Colbert defends drafting Pickett after Steelers’ missteps
Former Steelers general manager Kevin Colbert says the team took a swing on Kenny Pickett with the right expectation after evaluating the Pitt quarterback as a potential start-and-win option. Colbert’s defense comes after Pickett’s era with Pittsburgh ended qu
For a franchise that spent decades searching for its next franchise quarterback, the Steelers’ decisions around Kenny Pickett still sting—especially when you look at the two quarterbacks they passed over in the same stretch.
Before what became the last year of Terry Bradshaw’s career. Pittsburgh had the chance to draft Dan Marino with the 21st overall selection. but it passed. After Ben Roethlisberger’s final game. the Steelers again had a chance to take Pitt product Kenny Pickett. this time with the 20th overall pick. and they moved quickly.
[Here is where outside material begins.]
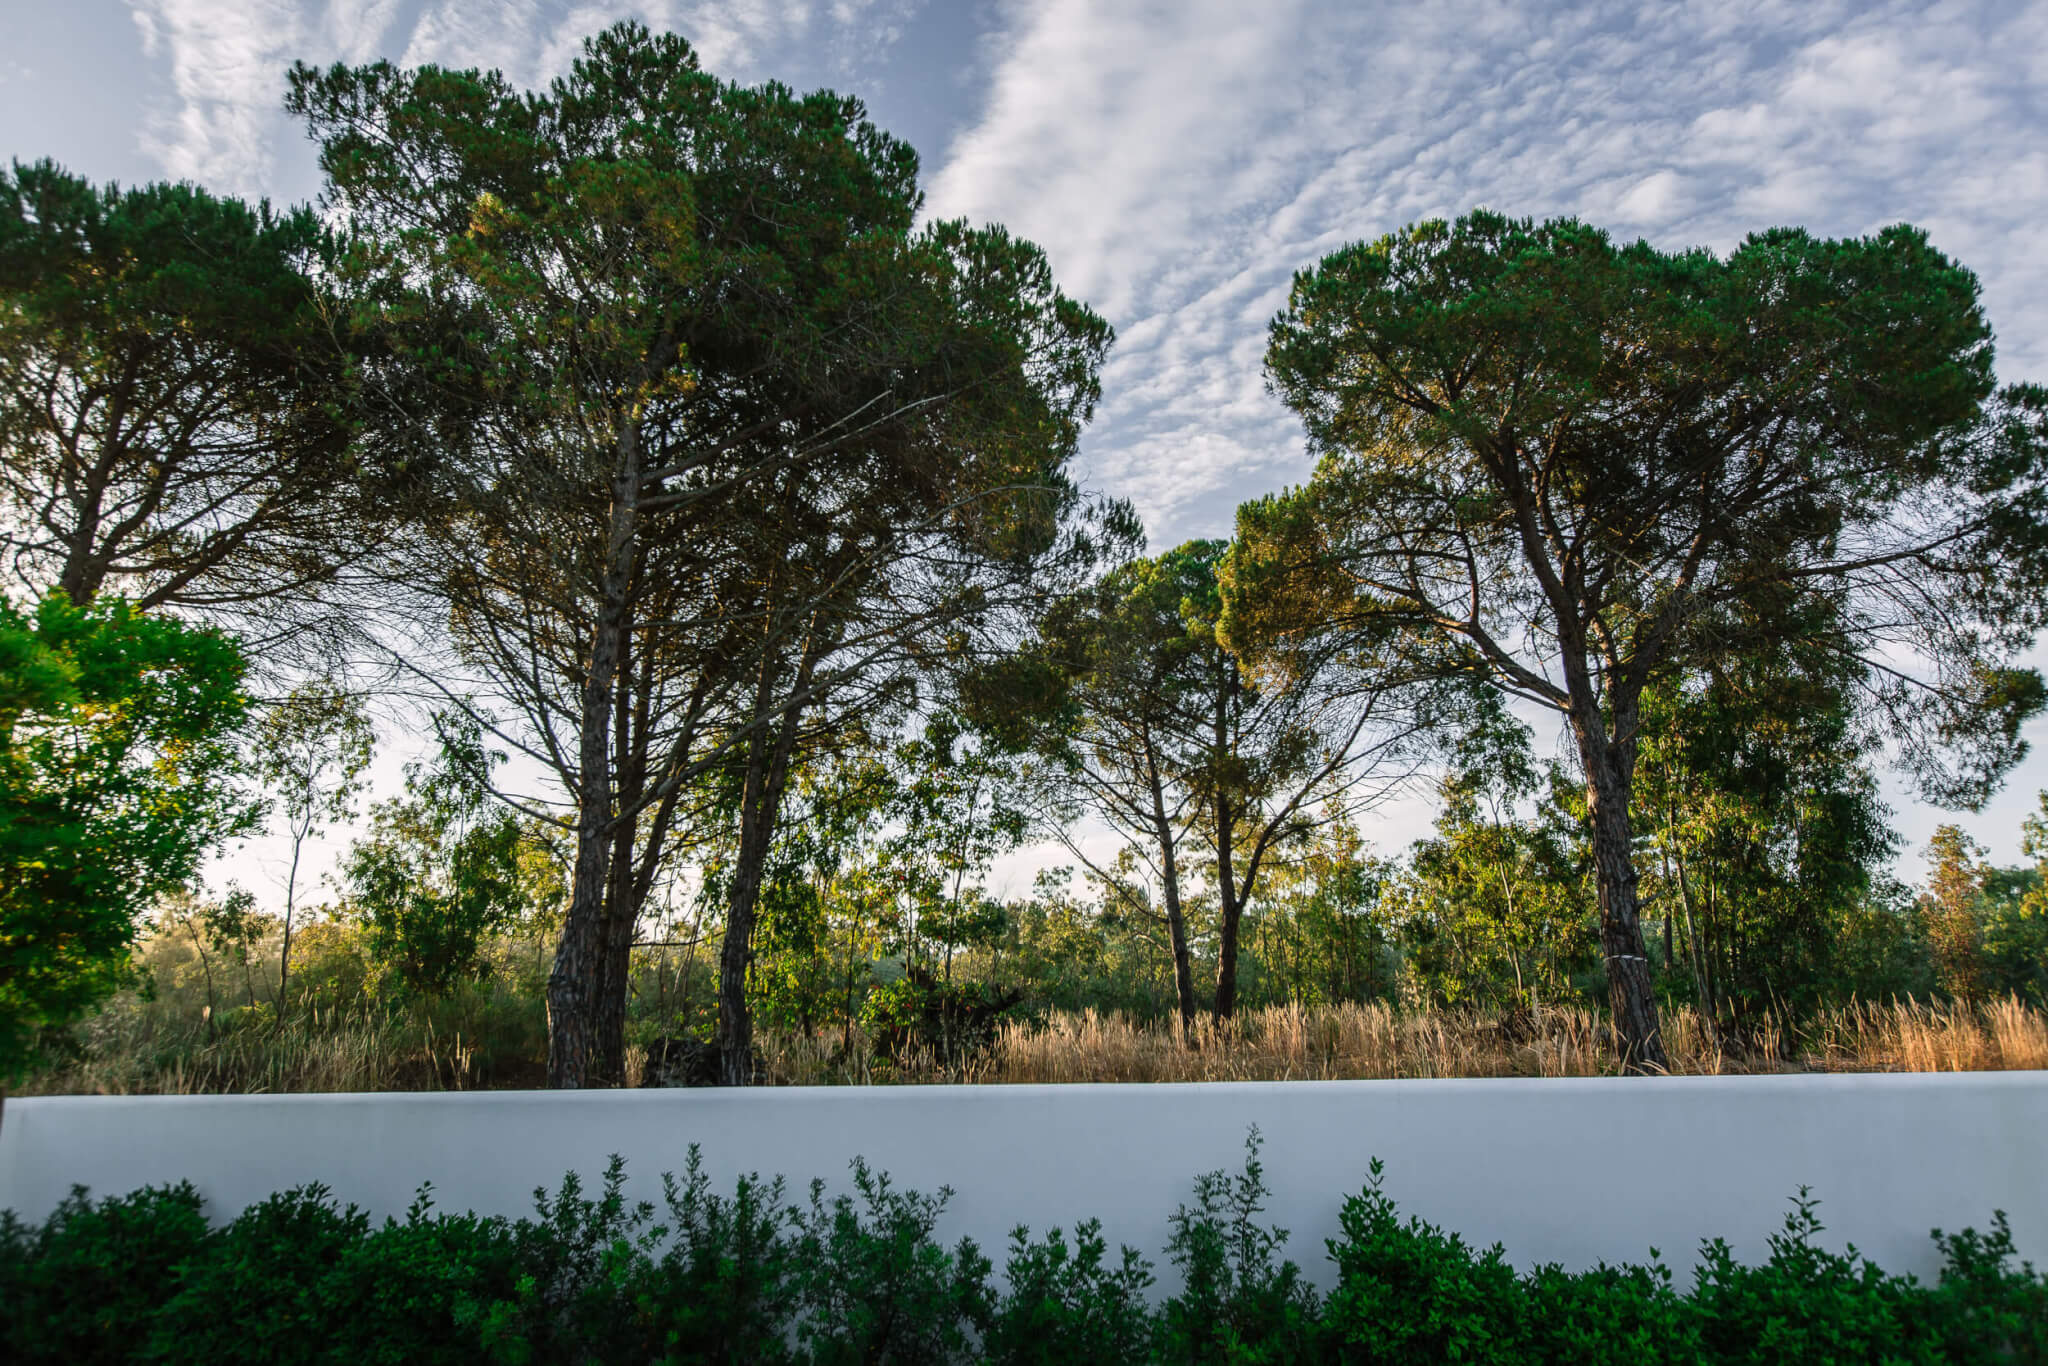 Brejos Villa Comporta trees

But after only two seasons, the Steelers punted on Pickett.
Earlier this week, former Steelers G.M. Kevin Colbert defended the original decision to draft the quarterback during an appearance on 93.7 The Fan in Pittsburgh. Colbert’s argument was direct: Pittsburgh believed it had found the type of quarterback who could stabilize its offense right away.
“We projected Kenny to be a start-and-win NFL quarterback, and quite honestly, he lived up to that in his first two seasons with us,” Colbert said, via Jack Markowski of SI.com. “For us, he was 14-10 and trending in the right direction. So that’s what we thought we had in Kenny.”
Colbert retired before Pittsburgh made the trade that sent Pickett to the Eagles. He spent the 2024 season in Philadelphia, where he won a Super Bowl ring, unlike Marino. The following year, 2025, found Pickett in Las Vegas—after being traded to the Browns and then to the Raiders.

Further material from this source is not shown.